The Carnivorous City Read online

Page 2


  ‘How is your son?’ Abel asked Ada as they made the turn from Adekunle onto Third Mainland Bridge.

  ‘Fine. His name is Zeal.’

  ‘Zeal. Soni gave his son an English name?’ Soni had rebelled against his name, Sunderland, changing it to Soni the moment he could.

  ‘Zeal is not an English name. It is short for Zealinjo. Flee from evil.’

  ‘Oh, sorry about that,’ Abel said recalling at that moment that Soni had actually sent him a text with all the names and had even asked him to propose one. ‘Do you think he knows what is going on? The fact that his father is missing?’

  ‘Not really. You know your brother used to travel a lot. But I’m sure he can feel that this trip is different. I don’t think Zeal is too young to realise that this trip has lasted a bit too long.’

  ‘Thank God for innocence,’ Abel said. ‘What are the police saying?’

  ‘They say they are investigating.’ Abel thought she heard her voice break. ‘I haven’t given them any money in the past few days and I think they are slacking.’

  ‘What did they do when they were not slacking?’ he asked, without meaning to. ‘Don’t mind me. I tend to voice my thoughts.’

  ‘You also tend to write them out,’ she said, looking at him.

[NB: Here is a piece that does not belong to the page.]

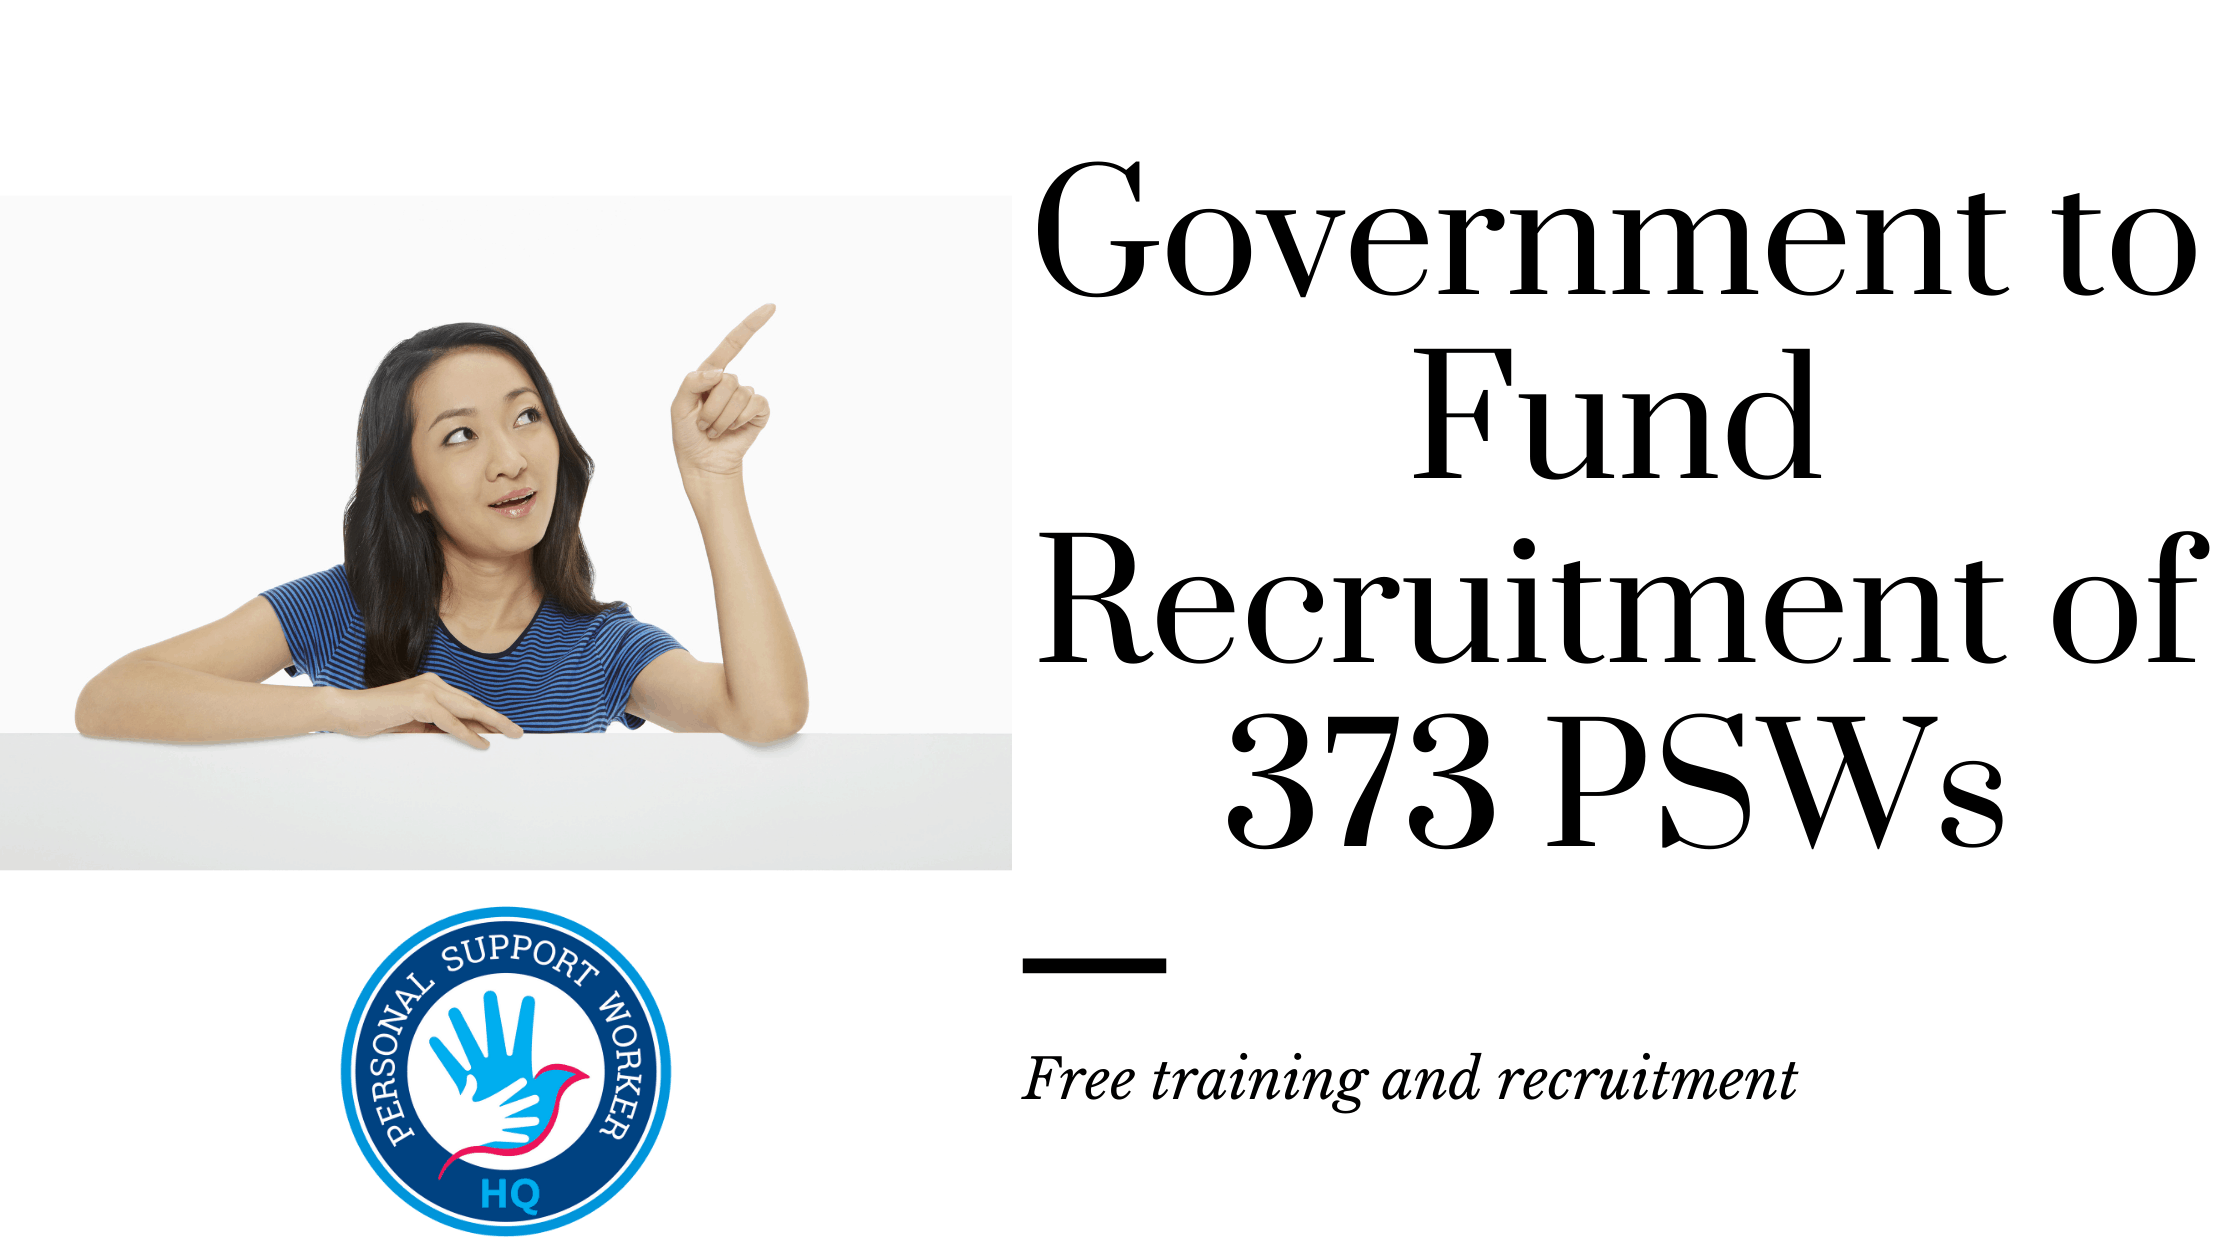 Government of Ontario is funding the recruitment of 373 Personal Support Workers.

  ‘Ada, you look more beautiful when you are angry.’ He laughed and tried to change the topic, but she kept staring at him with a face that mirrored her rage. ‘We have had this conversation before,’ he said finally.

  ‘Yes, and we were interrupted when Soni walked in. You think every girl you meet in a club is a prostitute?’

  ‘I never said that.’

  ‘But you implied it. My parents are both lecturers, like you. PhD holders. My two siblings are medical doctors. You don’t know me,’ she said with feeling.

  ‘I agree and I am sorry. That letter was meant for my brother.’ His eyes went from her face to the road. It was a Sunday afternoon and traffic was light. Still, he didn’t want her taking her eyes off the road for too long.

  She sighed as she turned off the bridge. They drove in silence for the rest of the trip from Dolphin Estate into Osborne, past Kingsway Road, on to Falomo, down to Ozumba Mbadiwe and the new toll plaza, all the way to the magnificent mansion Soni had erected just off Admiralty Way in Lekki Phase 1.

  ‘You should stay in his room. My nanny is in your room.’

  ‘My room?’

  ‘Yes, your room. Soni made it especially for you but I brought her up when your brother went missing. I needed company here in the family wing,’ she said pushing a door open.

  The room was large and done up in white and black. It had a masculine feel; a man cave. Abel could see Soni in every detail, right down to the cursive above the headboard: 9 inches is here!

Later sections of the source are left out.